“I”, the most important and dangerous pronoun in the English language. “I” refers to you, all that you are, all that you believe, all that you have become, and all that you can achieve. “I” represents your present, past, future; making you who you are. There’s no wonder why “I” is so important. When we are born, we are only concerned with “I”. What you need and want at the most basic level of feeding, cleaning, soothing, and bonding. As a child, “I” is all about pleasure, fun, and impulses. As a teen, “I” is engulfed with figuring out who you are and want you’d like to become; hard to see how you and all of your decisions will impact yourself and others for a lifetime.
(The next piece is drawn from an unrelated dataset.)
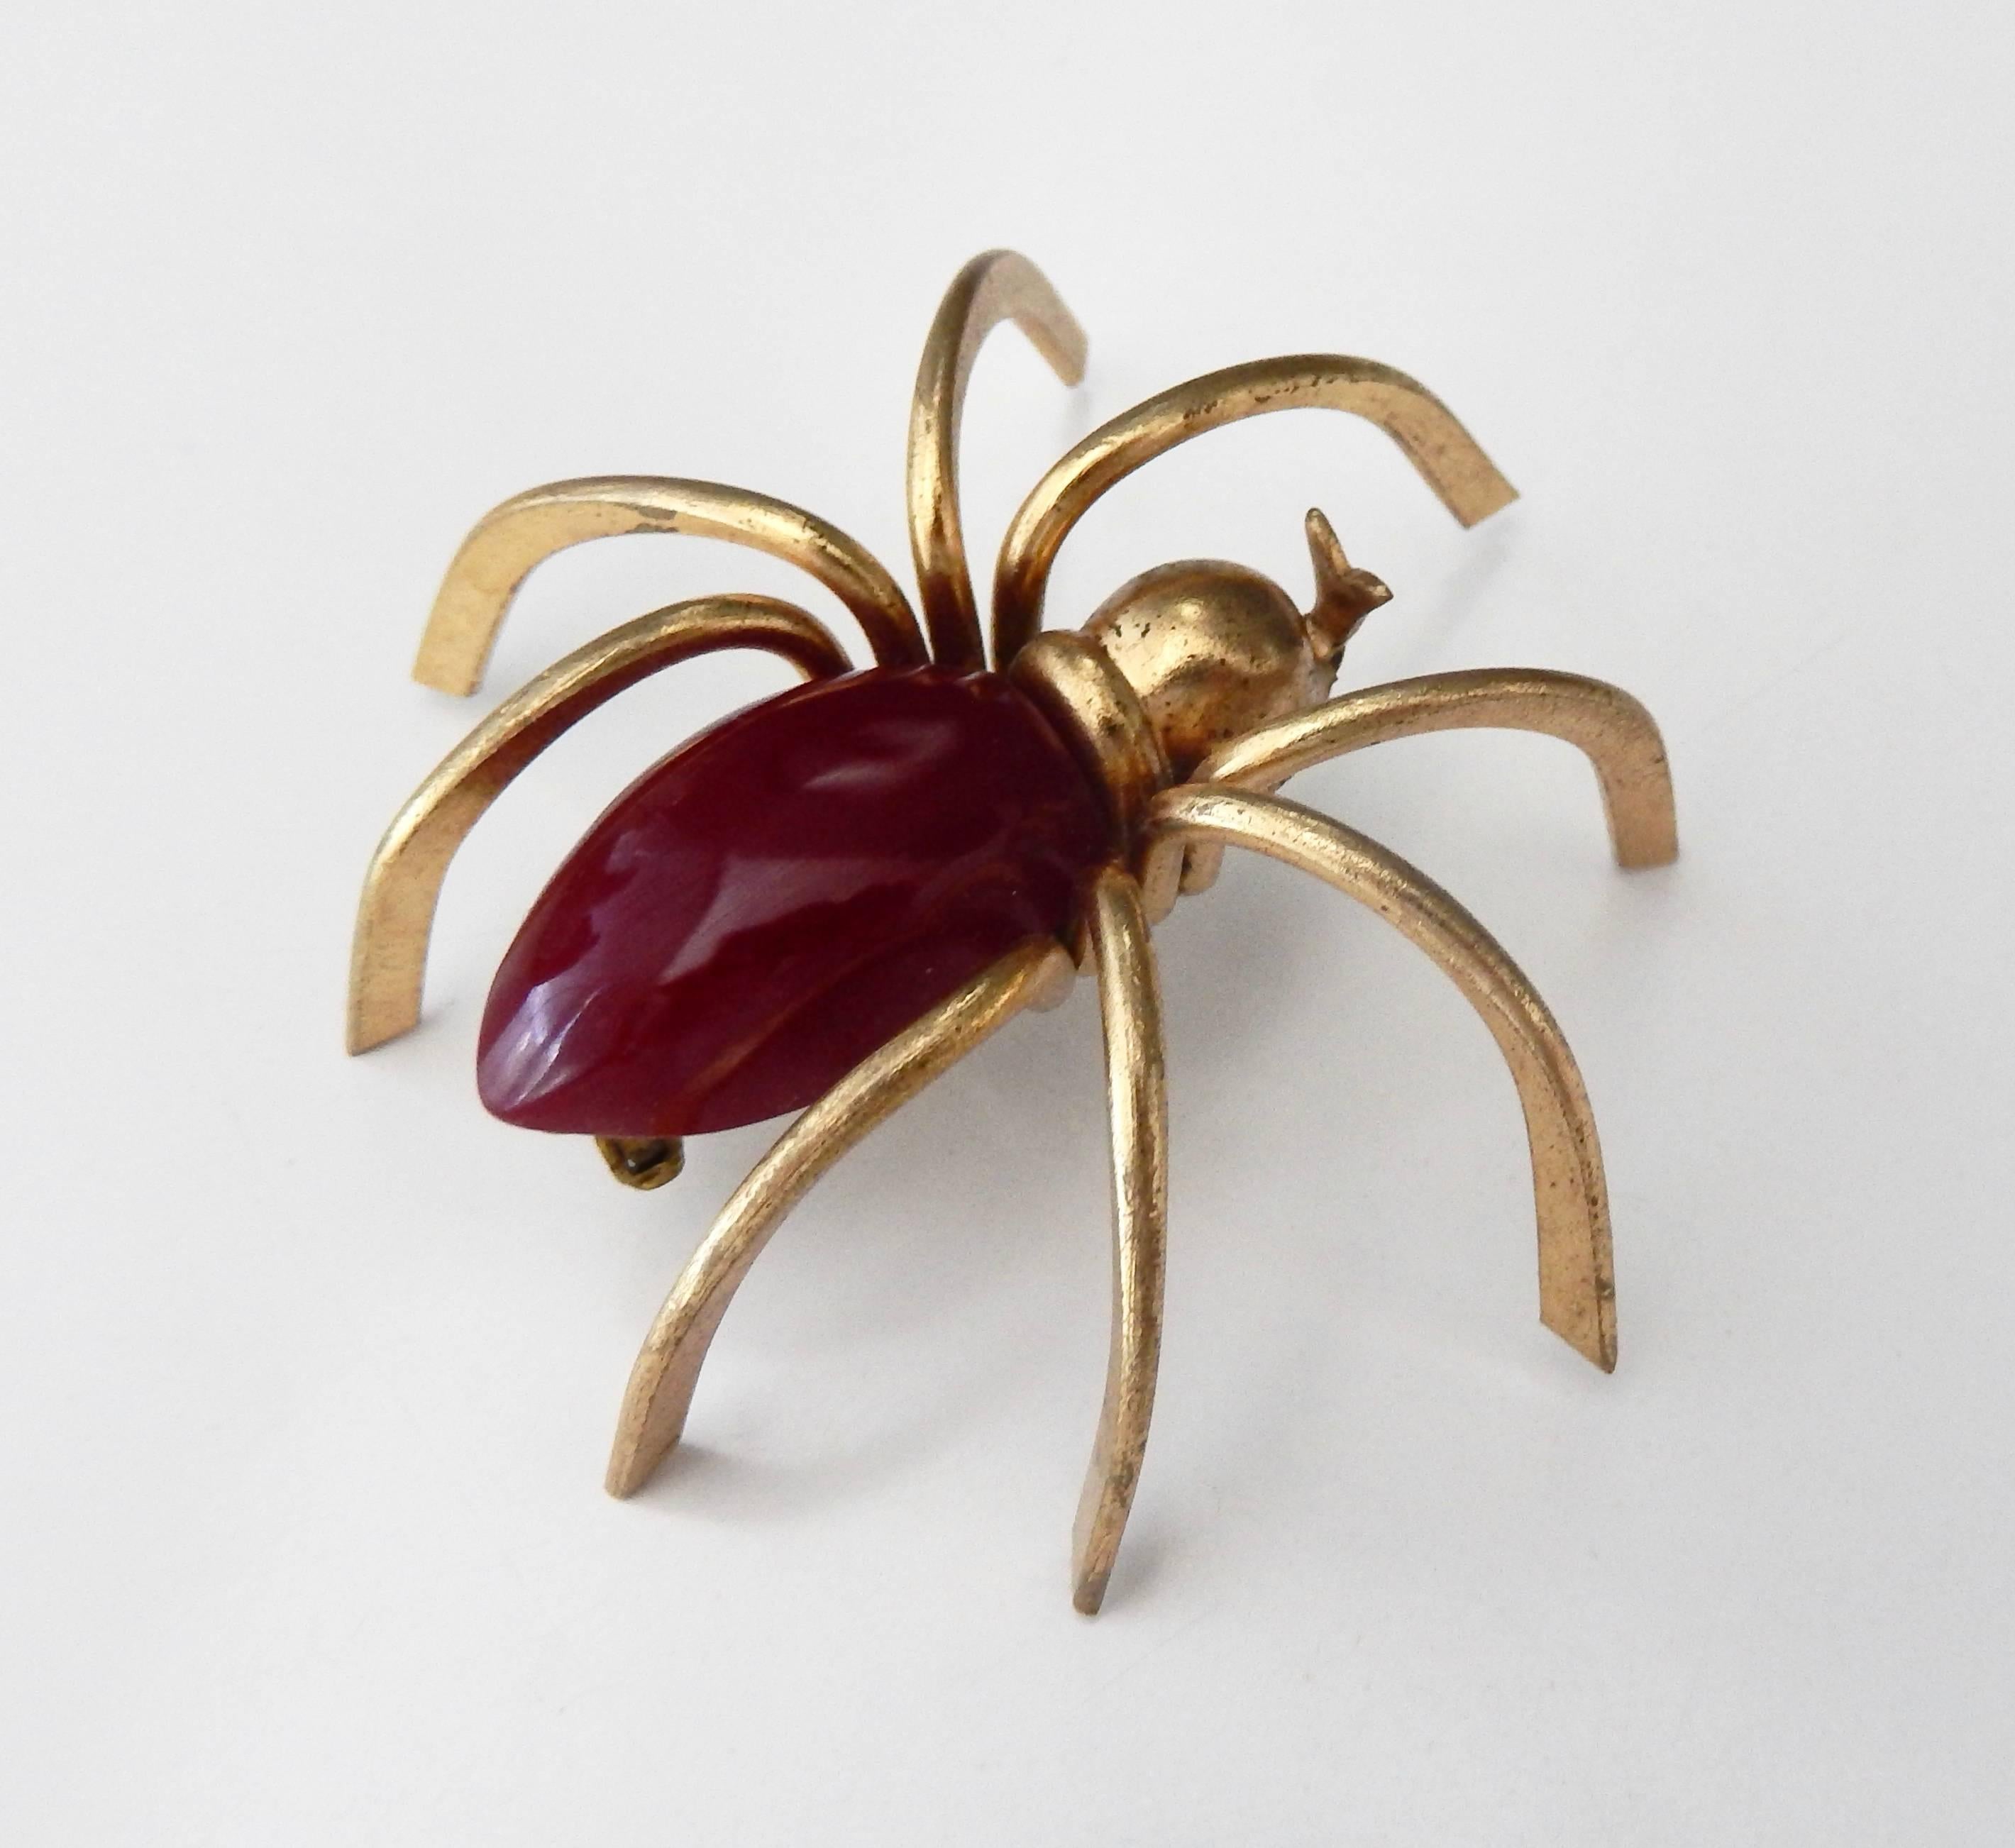 A whimsical three-dimensional gilt metal spider pin with a burgundy red bakelite body from the 1930s.  In very good condition.  A classic, scarce example of American Art Deco costume jewelry.  (Note that in bright sunlight the bakelite takes on a

As life continues, a funny thing happens to “I”… it becomes “We”. You find yourself in relationships with a boyfriend/girlfriend or husband/wife. You may have a few kids, and that “We” gets even bigger. “We” is in your job, in your home, and everywhere you look. Sometimes it can be difficult to go from “I” to “We”; and “We” can become so dominating you may wonder does “I” have a place any longer, and we lose our “I”. This is a hard time as you can become bored, on auto-pilot, resentful, depressed, and make understandable but selfish and harmful decisions for “I”.
So what’s the right thing to do? Whose going to win the war between “I” vs. “We”? The truth is they are both important, but in healthy relationships and all roles you play…”If the “I’s” outnumber the “We’s”, then you will lose”.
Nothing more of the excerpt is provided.